Visitors to the Lower Sioux Agency historic site near Morton can expect lots of “new” this spring and summer following its grand reopening Memorial Day weekend.

After two years of closure because of budget cuts and management disagreements, the site will open Friday with a new manager, new staff and lots of new programming.

An open house will kick off the busy summer Saturday, during which visitors can tour the grounds — including the 1861 warehouse, walking trails and gardens — play games and learn how to construct a teepee and plant gardens.

Such hands-on activities and kid-friendly events will take place throughout the summer under Manager Tom Sanders’ direction. With 25 years experience working at historic sites, including Jeffers Petroglyphs, where he’s still manager, Sanders has been working with Minnesota Historical Society officials, community members and Lower Sioux Community residents to chart a new course for the site.

“One of the main things we heard across the state is (people) wanted a Dakota voice and a Dakota presence in the story,” said Sanders who took over as manager in April. “We need to take in a strong Dakota voice and look at what’s happened there.”

To accomplish this, two Dakota people are on staff at the site and members of the Lower Sioux Community will help with special programs, including demonstrations and panel discussions.

The site grounds will remain the same, although Sanders is working on furnishing the warehouse.
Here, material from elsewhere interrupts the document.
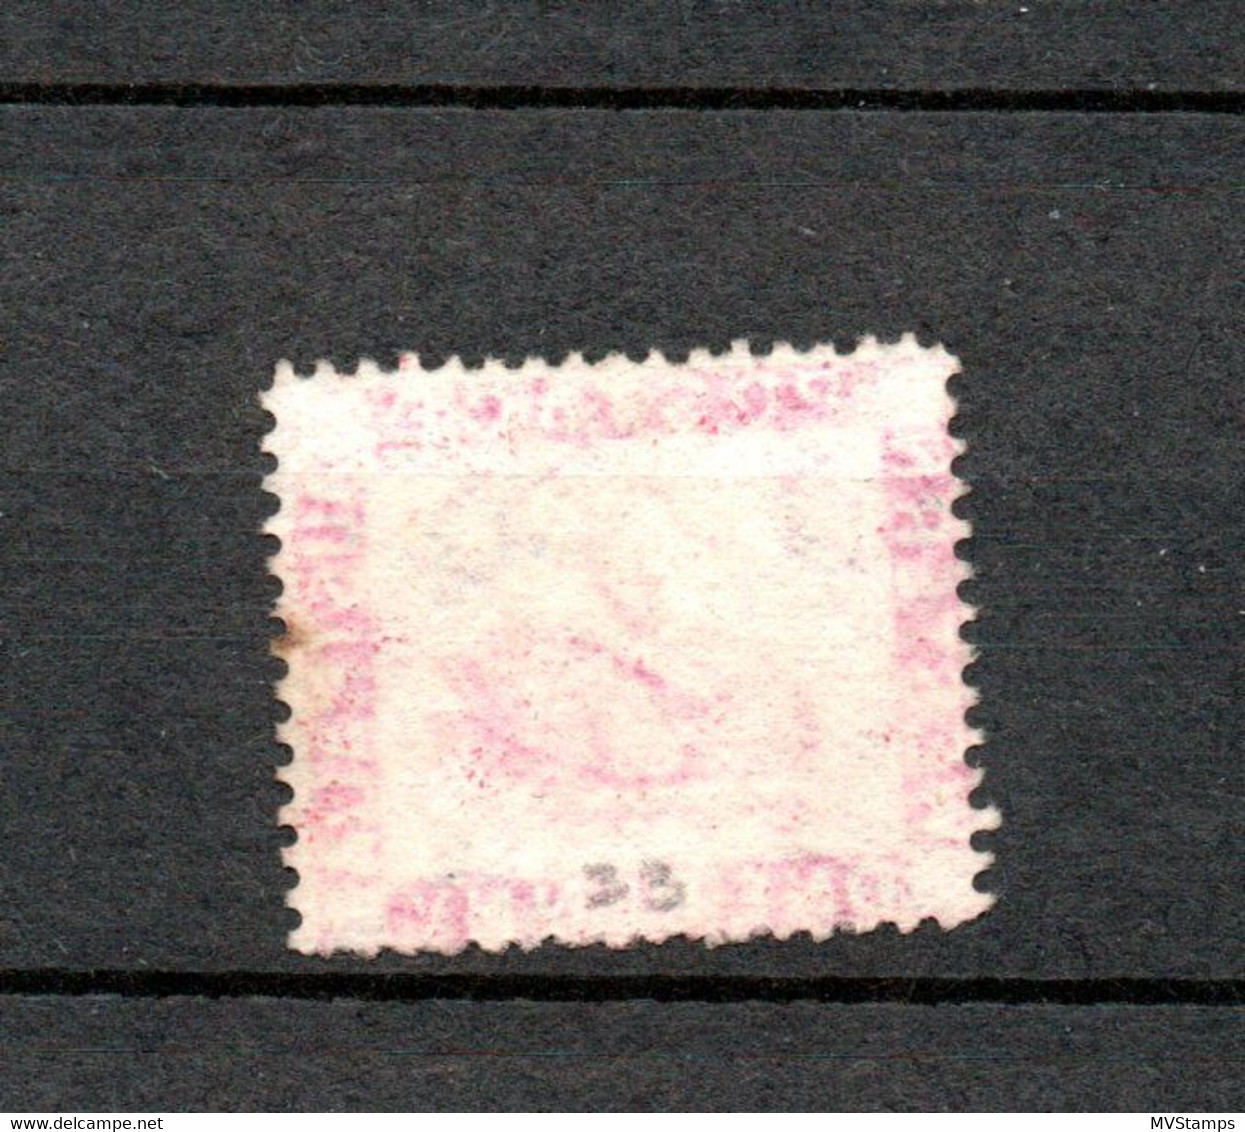 Western Australia 1861 Old Def.Swan Stamp (Michel 9) Nice Used - Gebruikt

The exhibits, which depict events before and during the U.S.-Dakota War of 1862, will not change.

The Lower Sioux Agency site was the only of seven historic sites slated for closure because of budget cuts that actually closed July 2004. The others, including Fort Ridgely near New Ulm, were kept open by volunteer organizations and donations.

The same would have been true for the Lower Sioux Agency, but the Minnesota Historical Society, the tribal council of the Lower Sioux Community and the Redwood County Board disputed who should manage the site. The Lower Sioux Community wanted to manage the site, which the society supported, but the commissioners wanted the historic property to remain state owned.

A bill passed during the last legislative session, which allots $700,000 to the seven affected sites, allowed the Lower Sioux Agency to remain state owned and to reopen this spring. The site received $68,000 to cover expenses through June 30, and a larger cut from then until June 30, 2007.

Bill Keyes, the society’s assistant director for historic sites, has worked with the commissioners and the Lower Sioux Community during the past few months to come up with ideas to make the 2006 tourist season at the site a success, he said. All three groups put the arguing behind them and agreed the future of the site is most important.

(The Historical Society determined which sites would close by how many tourists visited each site per year, among other factors. About 6,000 people visited the Lower Sioux Agency site annually, as opposed to 75,000 at Fort Snelling.)

Sanders, who worked for many years at Fort Snelling, says he has plenty of ideas to keep the site fresh and interesting to tourists. Since he took over management of Jeffers in 1998, the site has upped its number of annual visitors from 6,000 to 12,000.

New special events will be held to draw in crowds, such as a hands-on pottery event in August during which visitors can create their own coil pots and watch potters from the Lower Sioux Community throw pots on a wheel. A panel discussion, including Lower Sioux Community scholars, will be held in July to discuss how treaties and government policies changed the course of history leading up to the Dakota Conflict.

During the open house the tribal dance group Cansa ’yapi Oyate will perform in the afternoon.

Six former members of the Lower Sioux Agency staff resigned recently in part because of disagreements with how Sanders will run the site. But staff members declined to comment on the record.

Members of the Jeffers Petroglyphs staff also will work at the Lower Sioux Agency to make up the difference.

“I think the change at Lower Sioux Agency presents an opportunity to rethink interpretation and make changes,” said Ben Leonard, director of the Nicollet County Historical Society in St. Peter. “The exhibits were updated several years ago, and it makes sense that programmatic interpretation would be updated as well.”

Leonard said he’s enjoyed working with Sanders so far and hopes Fort Ridgely, which the Nicollet County Historical Society manages, and the Lower Sioux Agency site can collaborate in the future.

“We’re looking for the site’s voice,” Sanders said. “We’re trying to figure things out. ... You can’t produce the same story every day.